Fungal and bacterial richness of biocrust surface samples differed significantly by crust type [fungal ANOVA, F(4,13) = 5.5869, p = 0.007668 (Fig. 2E); bacterial ANOVA, F(4,12) = 3.9425, p = 0.02869 (Fig. 2F)]. The GLC crusts had the lowest fungal species richness among crust types. The LAC samples had bacterial alpha diversity that was significantly lower than CLC, but not significantly lower than in other crust types (Fig. 2F). Comparing fungal richness across crust types identified nine fungal classes that differed significantly by crust type (ANOVA, p < 0.05), including most of the major classes in Ascomycota: Sordariomycetes, Eurotiomycetes, Lecanoromycetes, Dothideomycetes, Leotiomycetes, Schizosaccharomycetes, Pezizomycetes; and Basidiomycota classes: Agaricomycetes and Tremellomycetes (Figure S1B and Table S6, Supporting Information). GLC generally had lower fungal richness than the other crust types when comparing class-specific richness. Moss crusts (RMC and SMC) had greater richness within the fungal classes Leotiomycetes, Peziozomycetes and Tremellomycetes. For bacterial communities, 10 phyla were significantly different by crust type (ANOVA, p < 0.05): Proteobacteria, Acidobacteria, Planctomycetes, Patescibacteria, Armatimonadetes, Deinococcus–Thermus, Chloroflexi, Cyanobacteria, FBP and Verrucomicrobia (Figure S2B and Table S7, Supporting Information). In Proteobacteria, Acidobacteria, Planctomycetes, Patescibacteria and Verrucomicrobia, species richness was greater in moss crusts (RMC and SMC) than in other crust types. Richness of Armatimonadetes was lowest in LAC while Chloroflexi richness was highest in CLC. Lastly, Cyanobacteria richness was lower in moss crusts than in other crust types, versus highest in CLC.

Beta diversity analysis of biocrust fungal communities showed significant differences by crust type (PERMANOVA, p = 0.001, R2 = 0.174) (Figure S8, Supporting Information).

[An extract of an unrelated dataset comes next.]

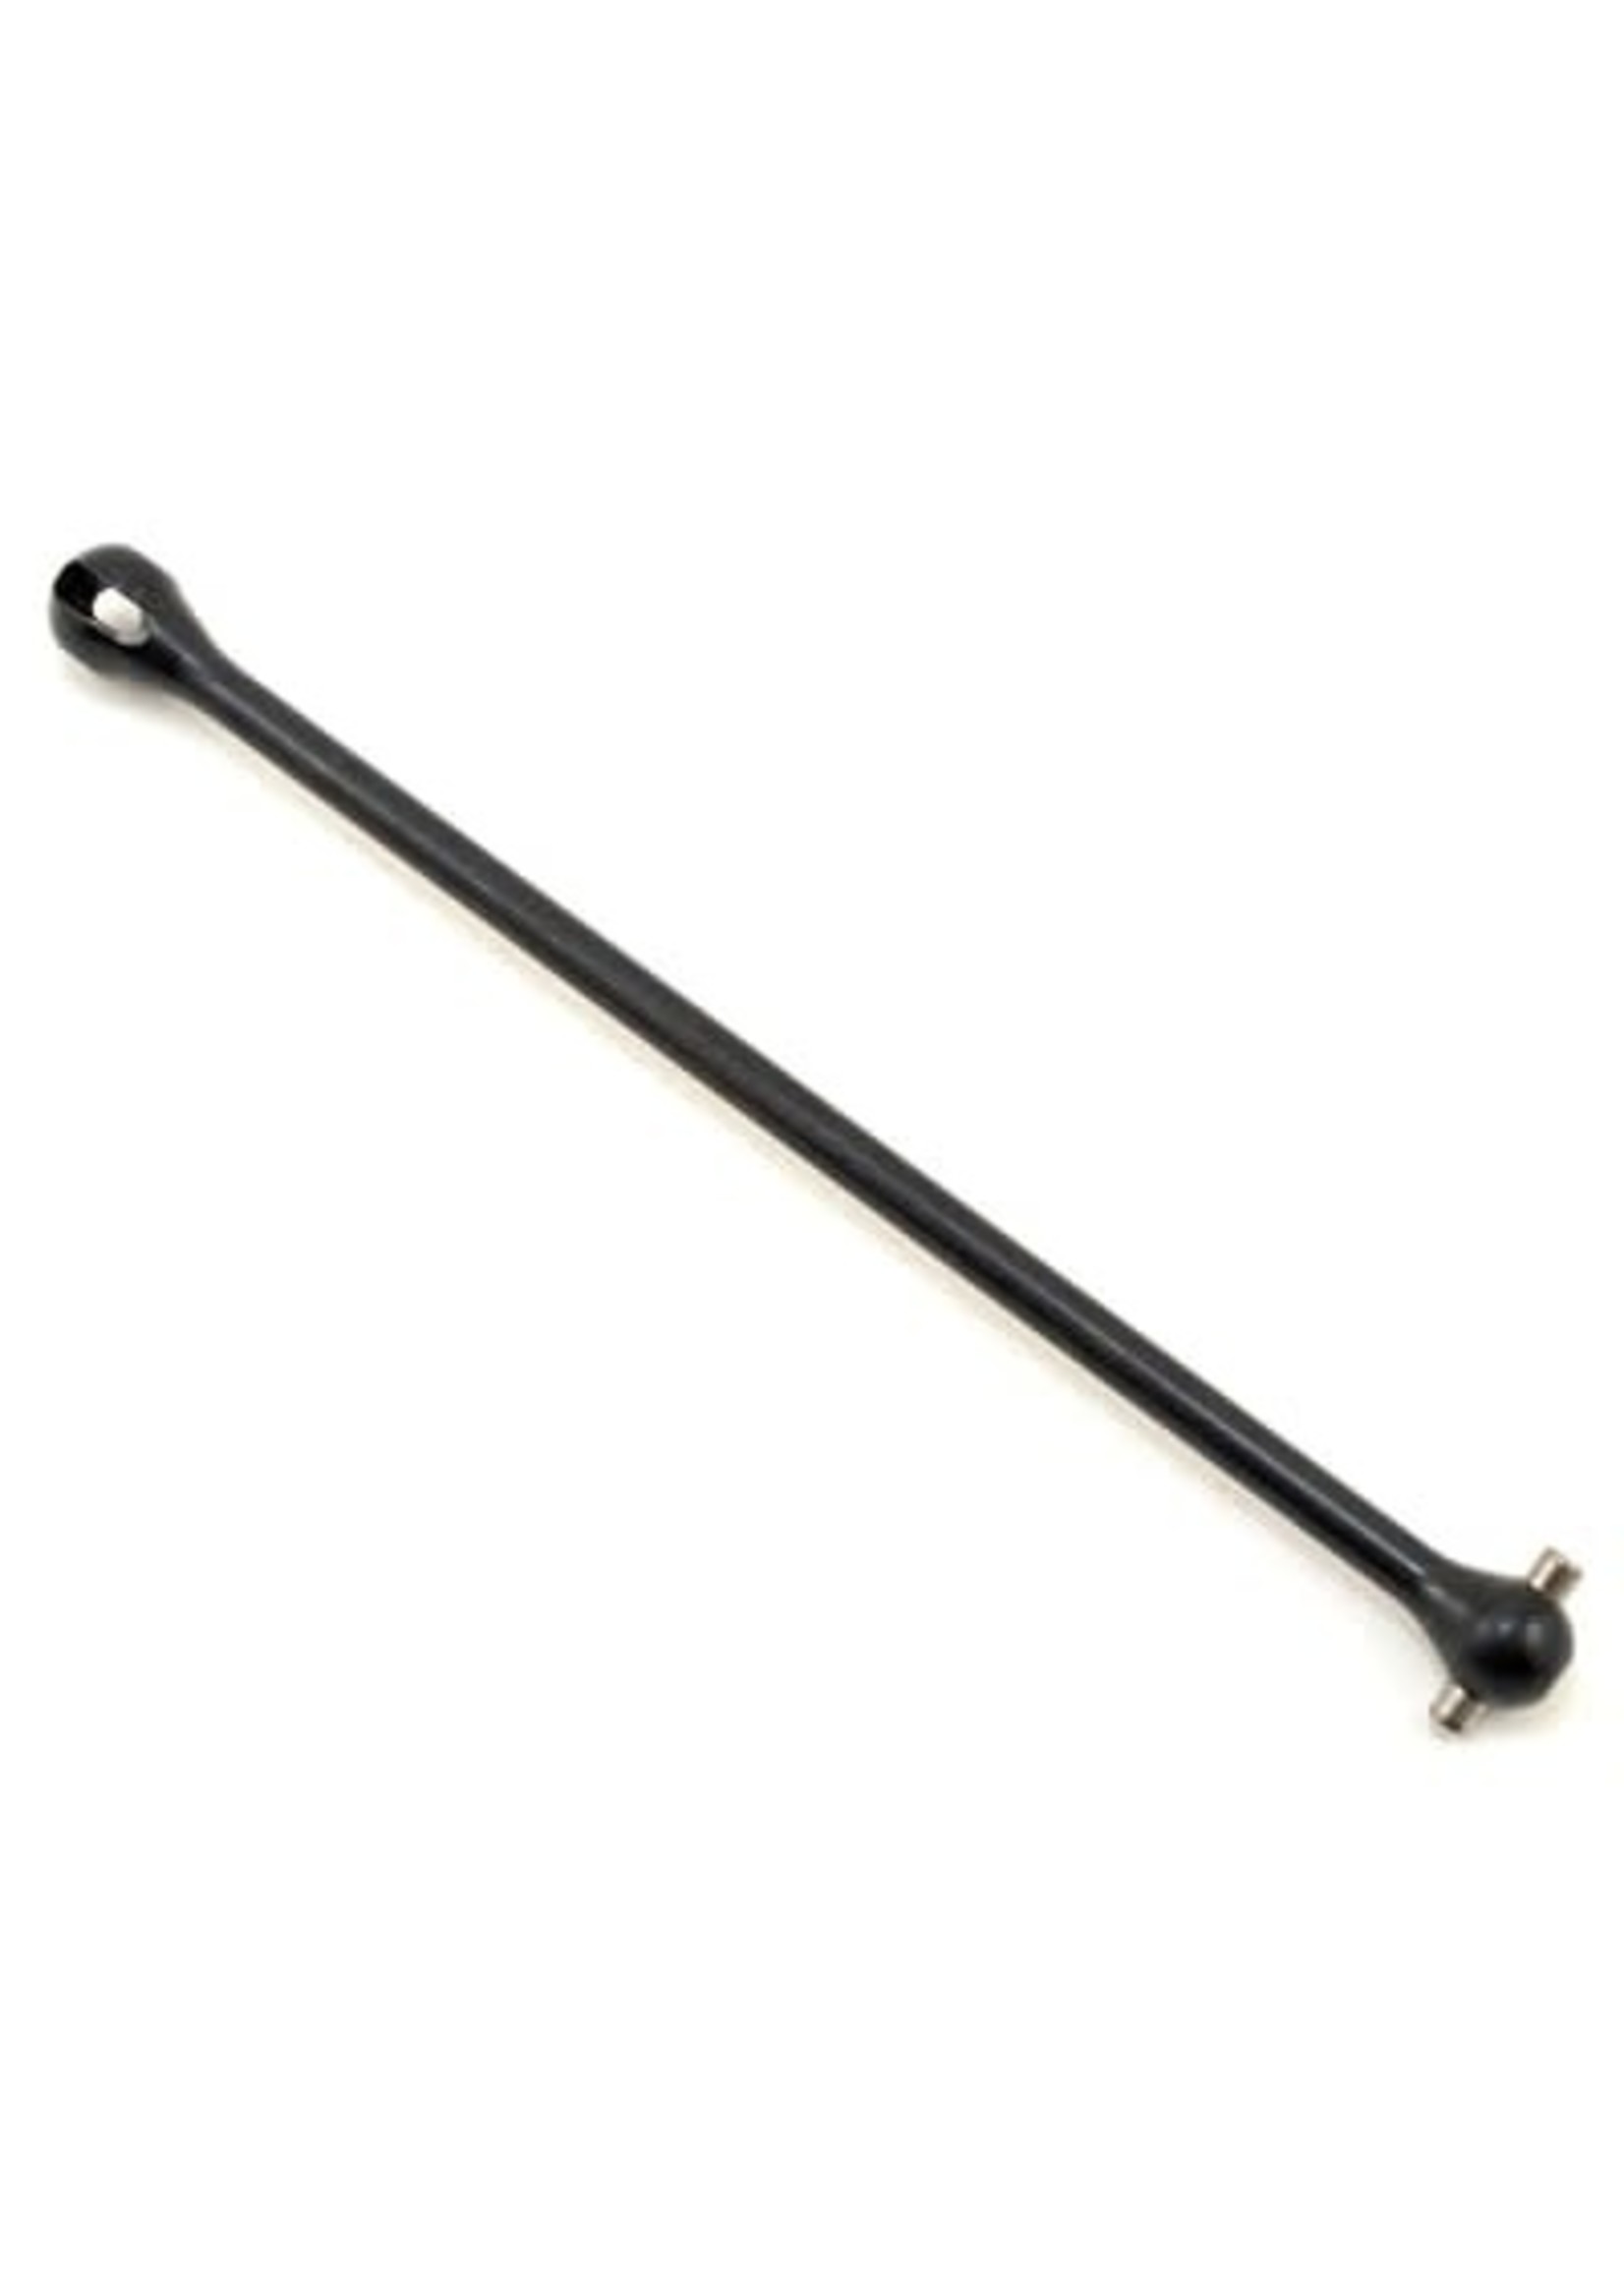 Traxxas 7750X Driveshaft, steel constant-velocity (heavy duty, shaft only, 160mm) (1) (replacing #7750 also requires #7751X, #7754X and #7768, #7768R, or #7768G)

These differences in beta diversity were visualized in PCoA plots. GLC fungal community was distinctly different from other crust types, while the other biocrust types had overlaps. Evaluation of bacterial members of the samples found that communities were also significantly different by crust type (PERMANOVA, p = 0.001, R2 = 0.181) (Figure S9, Supporting Information).

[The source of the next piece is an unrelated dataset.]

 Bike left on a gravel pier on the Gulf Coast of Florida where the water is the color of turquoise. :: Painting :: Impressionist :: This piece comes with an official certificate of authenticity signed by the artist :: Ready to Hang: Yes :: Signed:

Indicator analysis revealed that two fungal OTUs were detected by crust type at all locations. Specifically, for RMC there was one indicator OTU (closest related taxon: Sporormia subticinensis, dung saprotroph) and likewise for SMC one OTU (closest related taxon: Acrophialophora levis, plant pathogen). No detectable fungal indicator species occurred in CLC, GLC and LAC (Table S8, Supporting Information). Bacterial indicator analysis found 36 indicator ASVs within crust types. There were 9 indicator ASVs for CLC (most closely similar to Proteobacterium Azospirillum soli—nitrate respiration), 4 indicator ASVs for LAC (closest to Proteobacterium Belnapia moabensis), 6 indicator ASVs for RMC (closest to Proteobacterium Salinarimonas sp. BN140002) and 17 indicator species/ASVs for SMC (closest relatives were Deinococcus–Thermus Deinococcus pimensis DSM 21 231—nitrate reduction and Cyanobacterium Calothrix sp. HA4186-MV5—nitrogen fixer). No bacterial indicator species/ASVs were observed in GLC (Table S9, Supporting Information).

DISCUSSION

In our study, we identified several distinct patterns structuring biocrust microbial communities in the Mojave Desert. These patterns included: (i) a distinct geographical signal between our three central Mojave sites versus the southern Mojave site, (ii) a soil depth pattern that clearly differentiated biocrust surface diversity from subsurface microbial communities and (iii) a biocrust type pattern that showed differences between algal, lichen and moss crusts.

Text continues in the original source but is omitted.